Nous nous sommes attachés dans ce chapitre à montrer les spécificités sur le plan spatial des migrations d’Indiens très qualifiés, en les mettant en regard de l’ensemble des migrations sud-asiatiques puis indiennes. Les migrants très qualifiés peuvent être envisagés comme un groupe de migrants qui se caractérise par sa mise en place récente, une répartition privilégiant les pays occidentaux et des flux fortement déterminés par des dispositifs politiques qui leur sont dédiés, donc des pôles, des rythmes et logiques de diffusion assez originaux par rapport à ceux qui prévalent dans le champ migratoire dans son ensemble. On observe en particulier un glissement du pôle britannique qui dominait durant la période coloniale à une concentration dans les pays neufs anglo-saxons au cours des trois à quatre dernières décennies. De plus l’attraction du bassin migratoire des pays du golfe arabo- persique sur l’ensemble des migrants asiatiques semble s’exercer aussi sur ces migrants, ce qui constitue un élément de similitude avec le champ migratoire dans son ensemble.

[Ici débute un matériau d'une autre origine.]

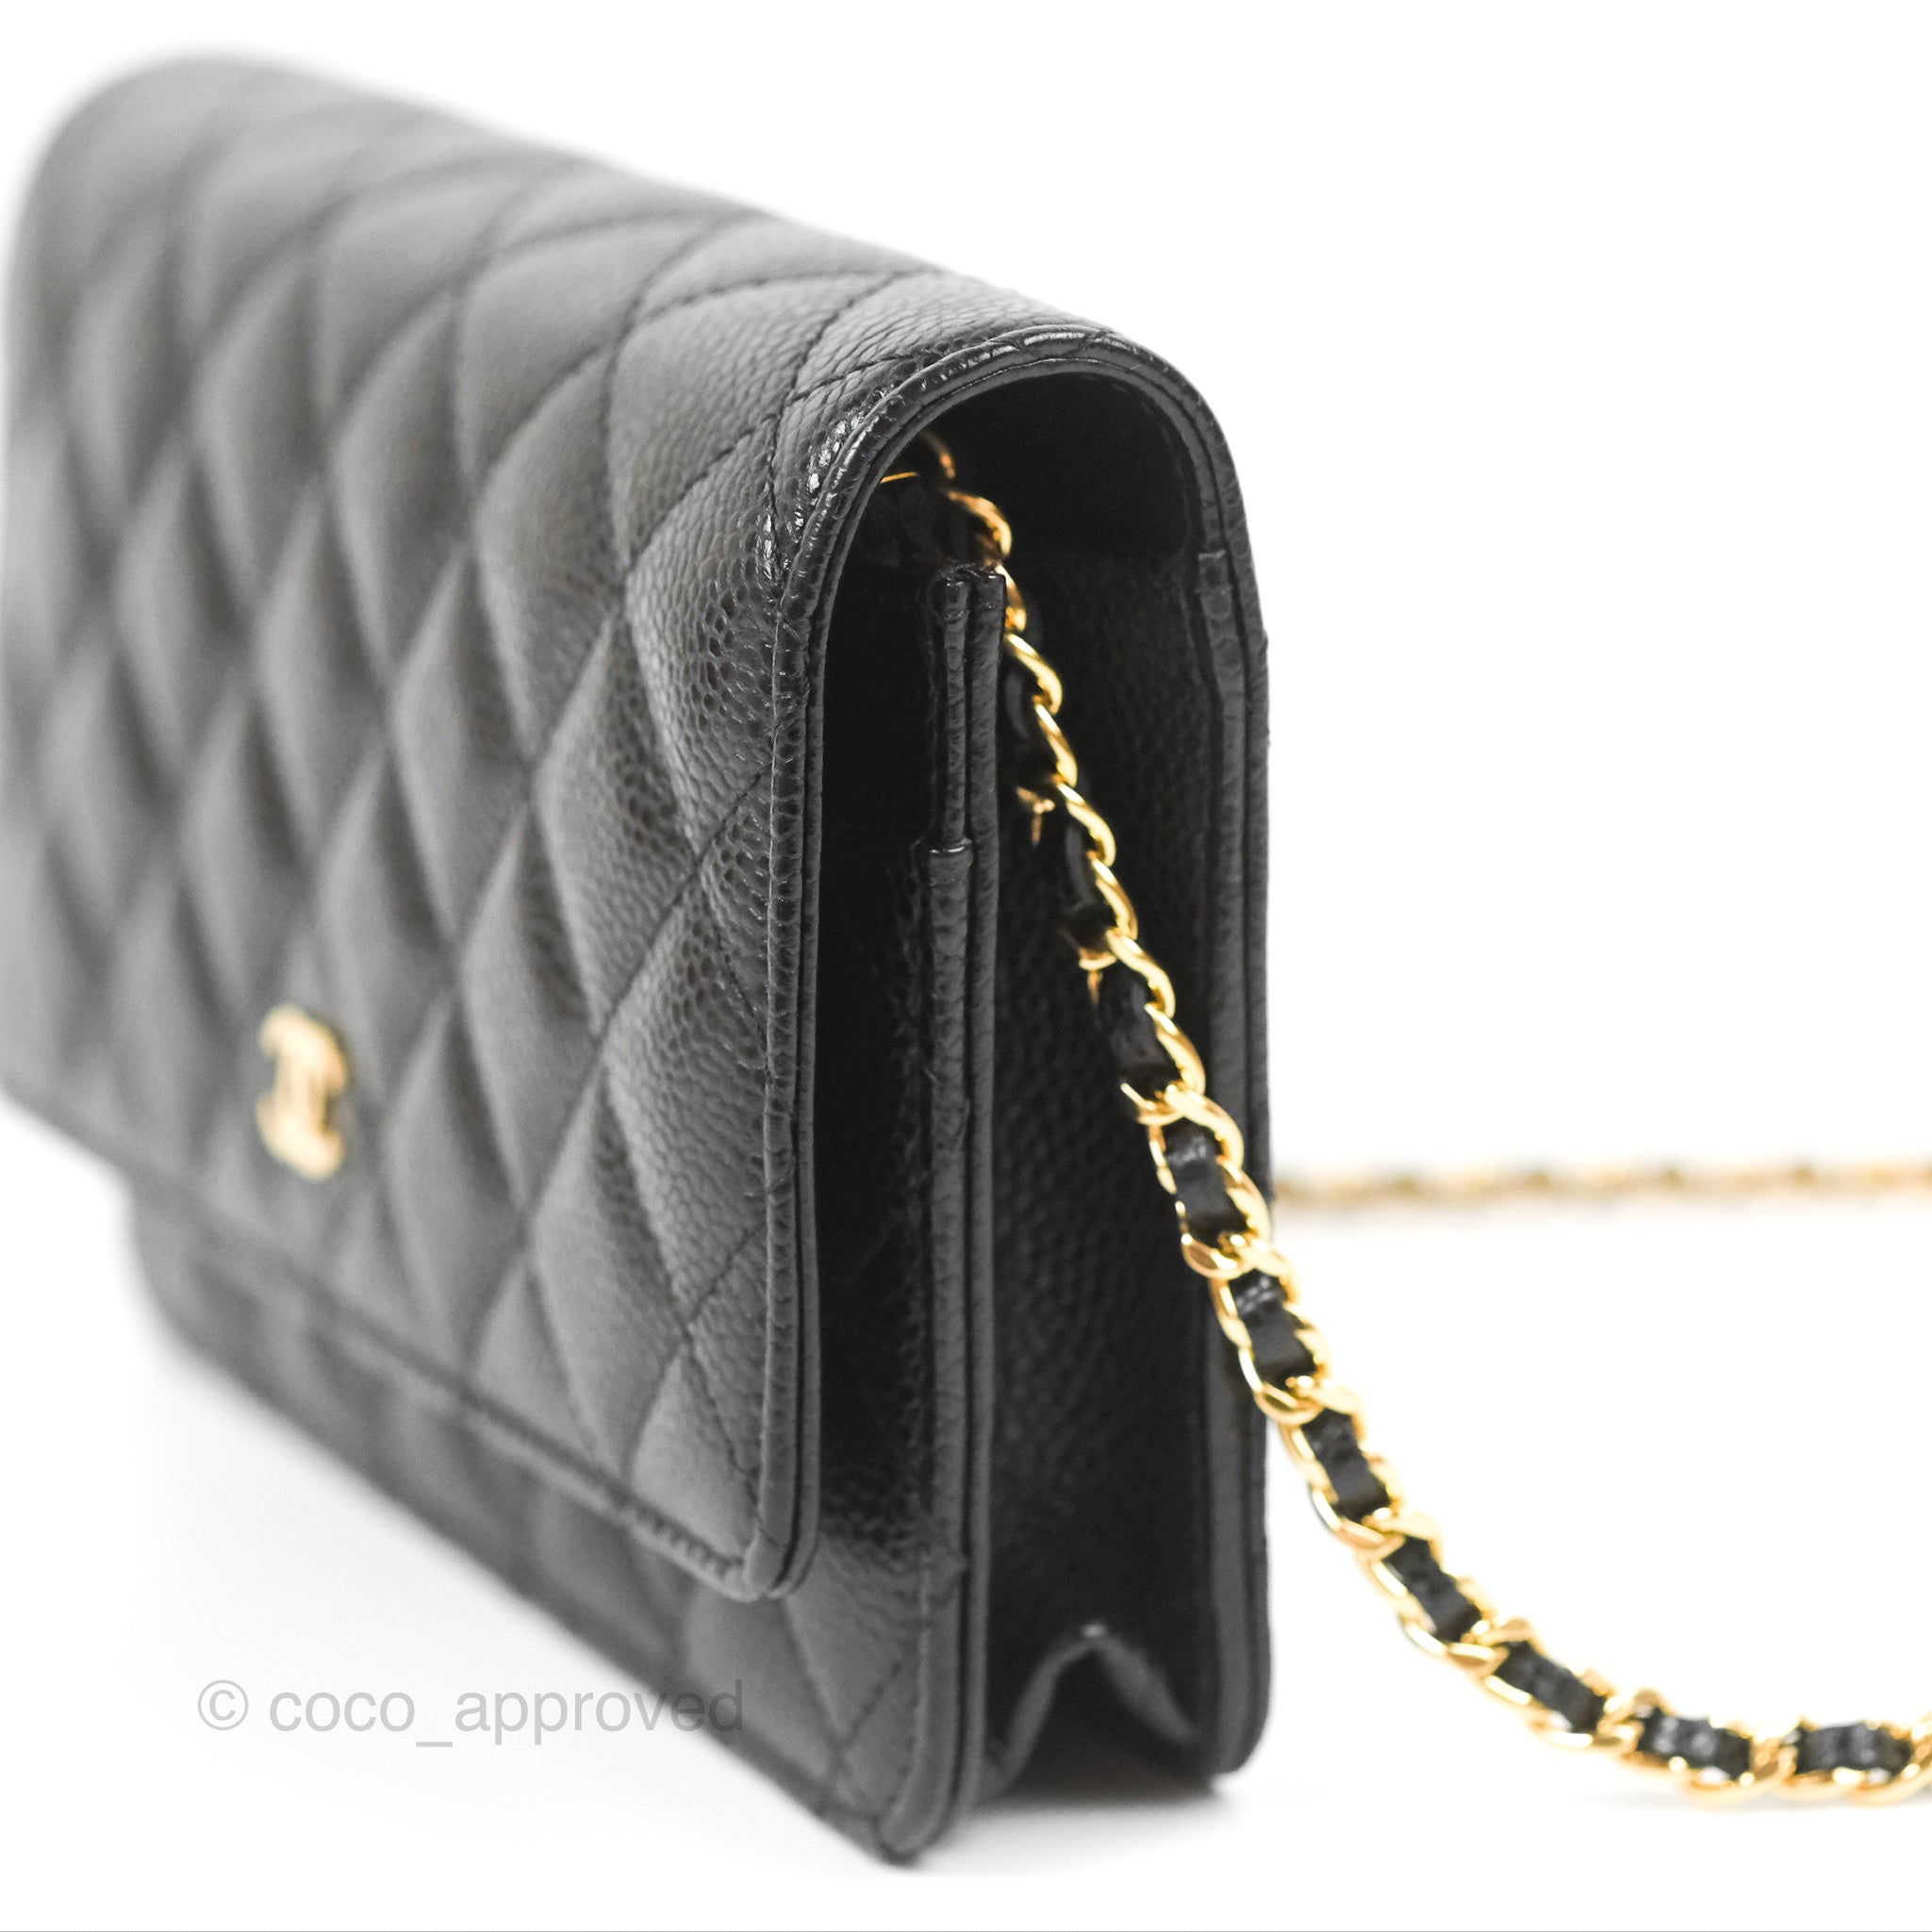 Chanel Classic WOC Wallet on Chain in Black Caviar with Gold Hardware - SOLD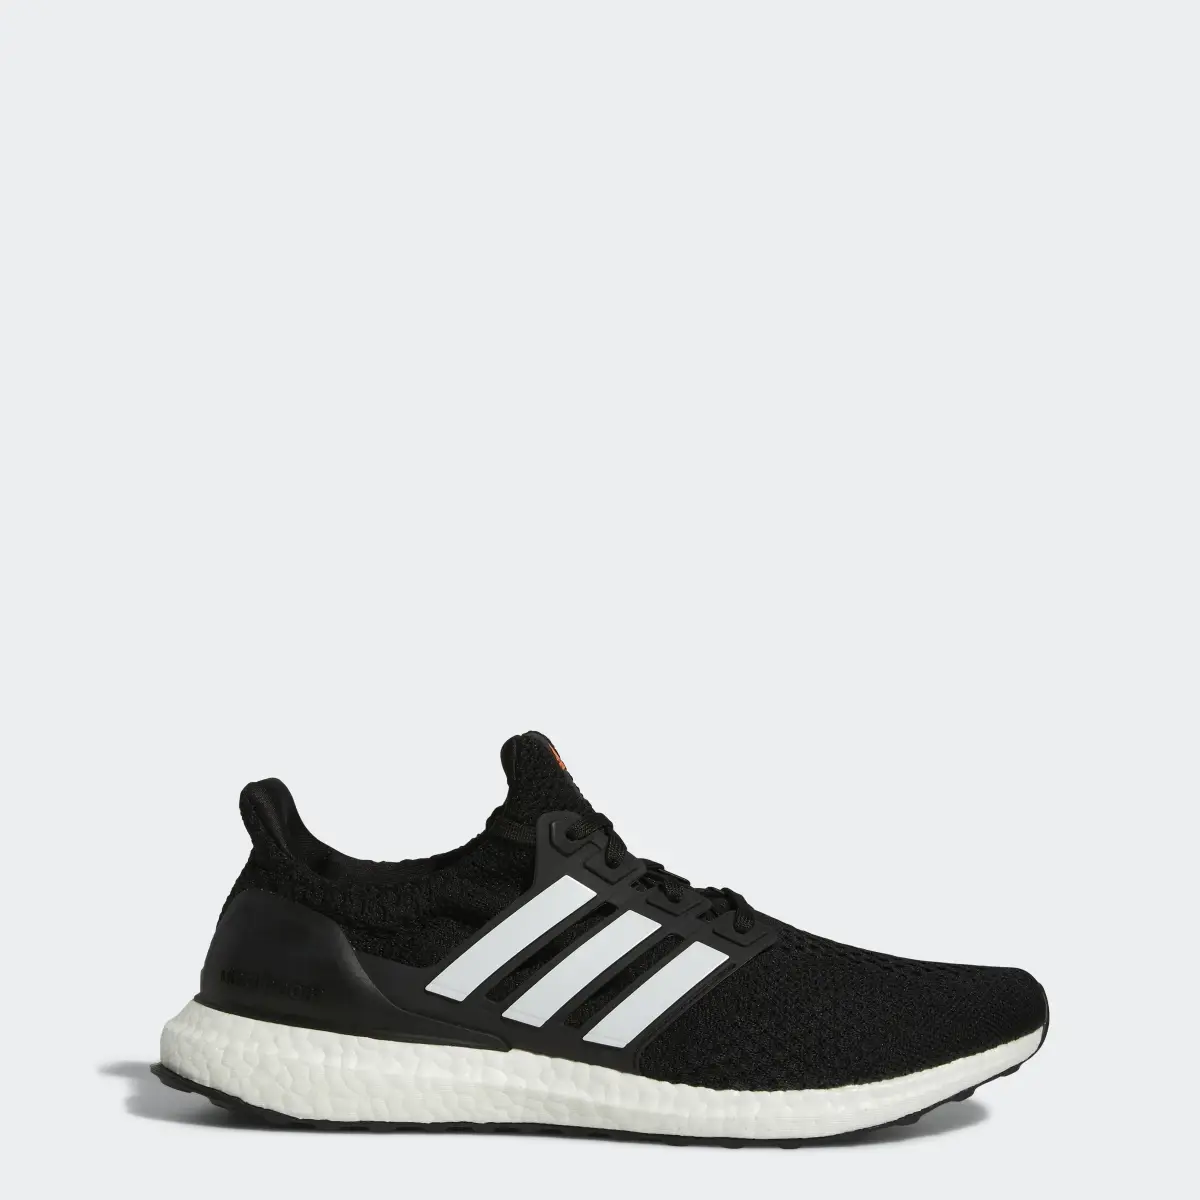 Adidas Ultraboost 5.0 DNA Shoes. 1

Par ailleurs le recours à la notion de sous-champ migratoire n’exclut pas les autres logiques dont peut relever la mobilité des individus en fonction de leurs autres ressources identitaires, notamment leur origine géographique et leur identité régionale, ainsi que leur appartenance religieuse. Cela souligne au contraire l’insertion du sous-champ dans le champ migratoire et ses relations étroites avec ses différentes composantes, notamment dans les pays d’accueil. Enfin il faut signaler la difficulté à identifier ces migrants à partir des données disponibles, élaborées en général seulement sur la base de l’appartenance nationale, ce qui est un problème récurrent pour les migrants très qualifiés. Cela constitue une limite à l’exercice, puisque cela nous a sans doute amené à donner plus de poids à des destinations où ce type de migrants est bien identifié, tels que les pays anglo-saxons, au détriment de phénomènes sans doute plus diffus mais difficiles à appréhender.